Insinuar que a vereadora Heloisa Helena participou de qualquer ato indigno, mesmo no passado como integrante do PT, para proteger Lula, é indigno e marginal, como é também repercutir estes fatos em órgãos de imprensa ou nas redes sociais. 

Heloisa sempre desqualificou Lula e sua quadrilha e por isto mesmo foi expulsa desta facção marginal petista que afundou o país na lama.

Se a voz de Heloisa Helena fosse ouvida quando ainda era senadora, Lula, sua camarilha e sua família estariam na cadeia.  

Não é bom

O Departamento Estadual de Trânsito sempre foi um órgão visado e cortejado pelos políticos por dois motivos claros: uma eficiente máquina de fazer votos e um faturamento de fazer inveja. A chegada do seu atual presidente Antônio Carlos Gouveia trouxe um olhar diferente para a instituição com um diferencial da anunciada transparência e cumprimento rigoroso dos princípios da legalidade e da moralidade. Tudo bem até aí. Acontece que já aconteceram fatos que chegaram a diminuir autoridade e independência do titular do órgão e foi exatamente a maléfica interferência política. Comenta-se que o Palácio República dos Palmares quer manter o DETRAN sob seu controle e comando, como se fosse a “joia da coroa”. Isto é péssimo e foge totalmente às regras de uma administração que anuncia fazer diferente.

Preservando as crianças

A Comissão de Seguridade Social e Família da Câmara Federal acaba de aprovar projeto do deputado Fábio Ramalho (PMDB-MG) que proíbe a venda de refrigerantes nas escolas de educação básica (da primeira à oitava série), públicas ou privadas.
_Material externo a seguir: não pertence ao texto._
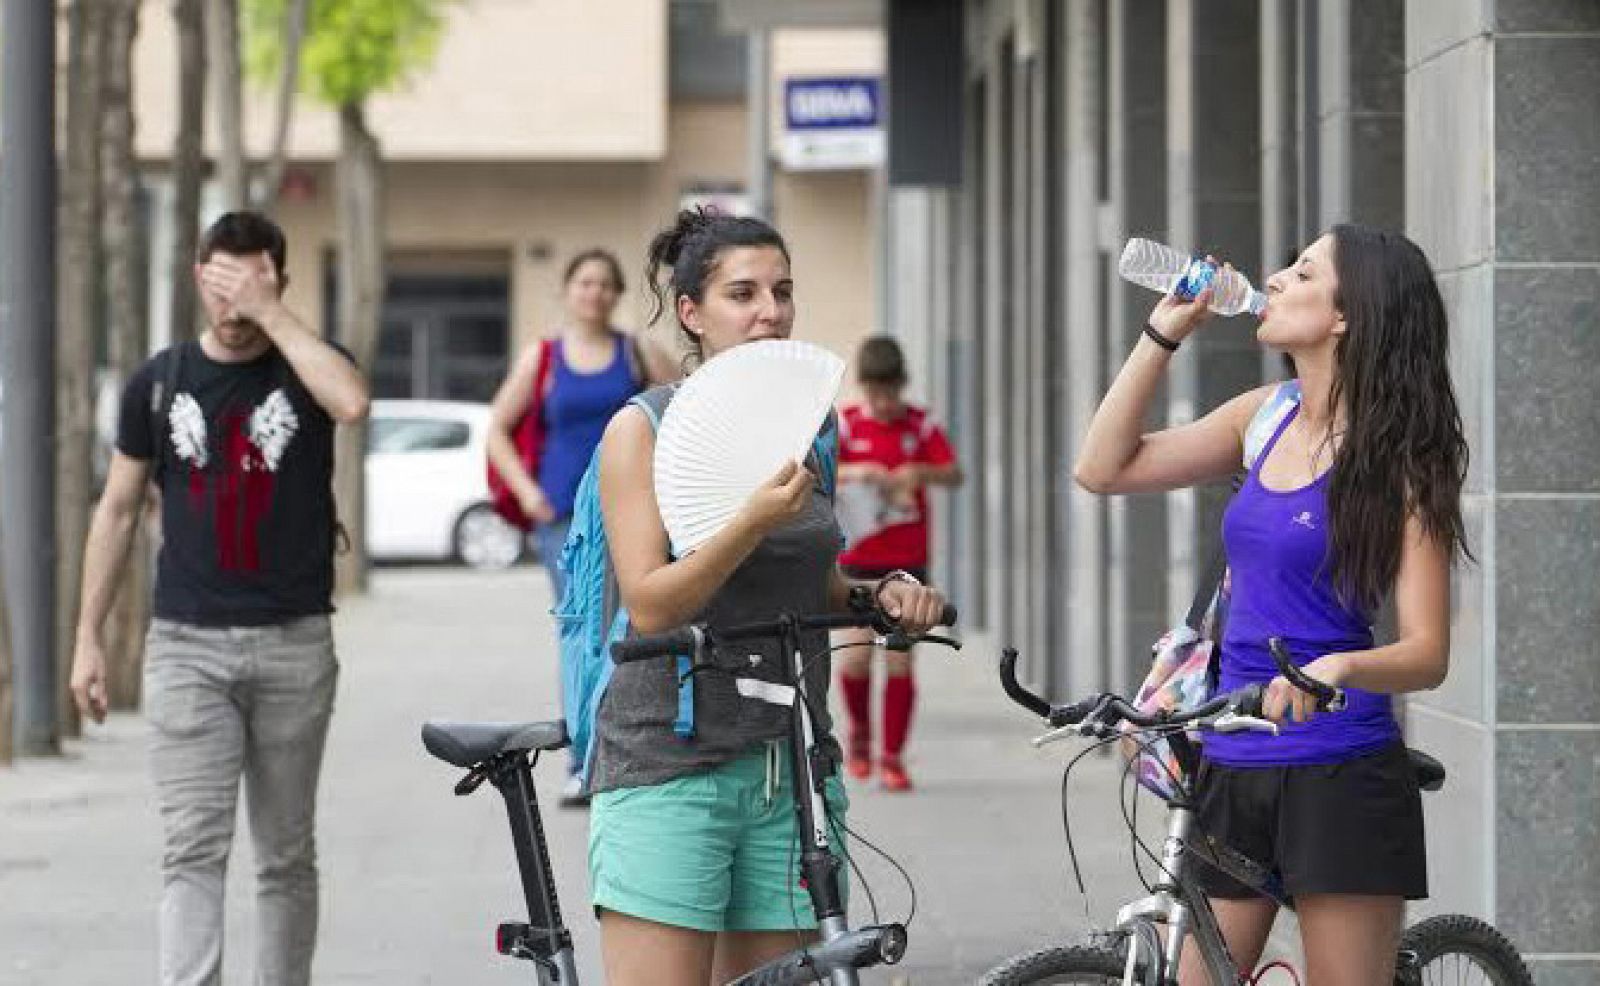 Unas chicas en bicicleta se refrescaban el 13 de mayo en Lleida ante la ola de calor veraniego.

A proposta recebeu parecer favorável da relatora, deputada Zenaide Maia (PR-RN). Ela concordou com os argumentos do autor do projeto, de que o aumento dos índices de obesidade infantil no País está diretamente relacionado ao consumo de alimentos como salgadinhos e refrigerantes vendidos nas escolas.

Ela citou levantamento do Instituto Brasileiro de Geografia e Estatística (IBGE), feito com base na Pesquisa de Orçamento Familiar (POF) realizada em 2008-2009, que aponta que 14,3% das crianças entre 5 e 9 anos são obesas. O problema atinge todas as classes sociais, em todas as regiões brasileiras. “Estamos vivendo uma epidemia de excesso de peso. A sociedade precisa buscar alternativas para combater esse problema”, disse Zenaide Maia.

Influência de Cunha

Diante dos recados dados pelos corredores da Câmara de que Eduardo Cunha “morreria atirando” para todos os lados, deputados outrora ligados ao presidente afastado procuraram minimizar o poder de fogo do peemedebista.

Sob anonimato, comentavam que Cunha pode até falar, mas dificilmente terá como provar as acusações que eventualmente fará. Um opositor, no entanto, pondera que, nos dias atuais, não é mais preciso ter provas para destruir uma reputação. E Cunha ameaça a República!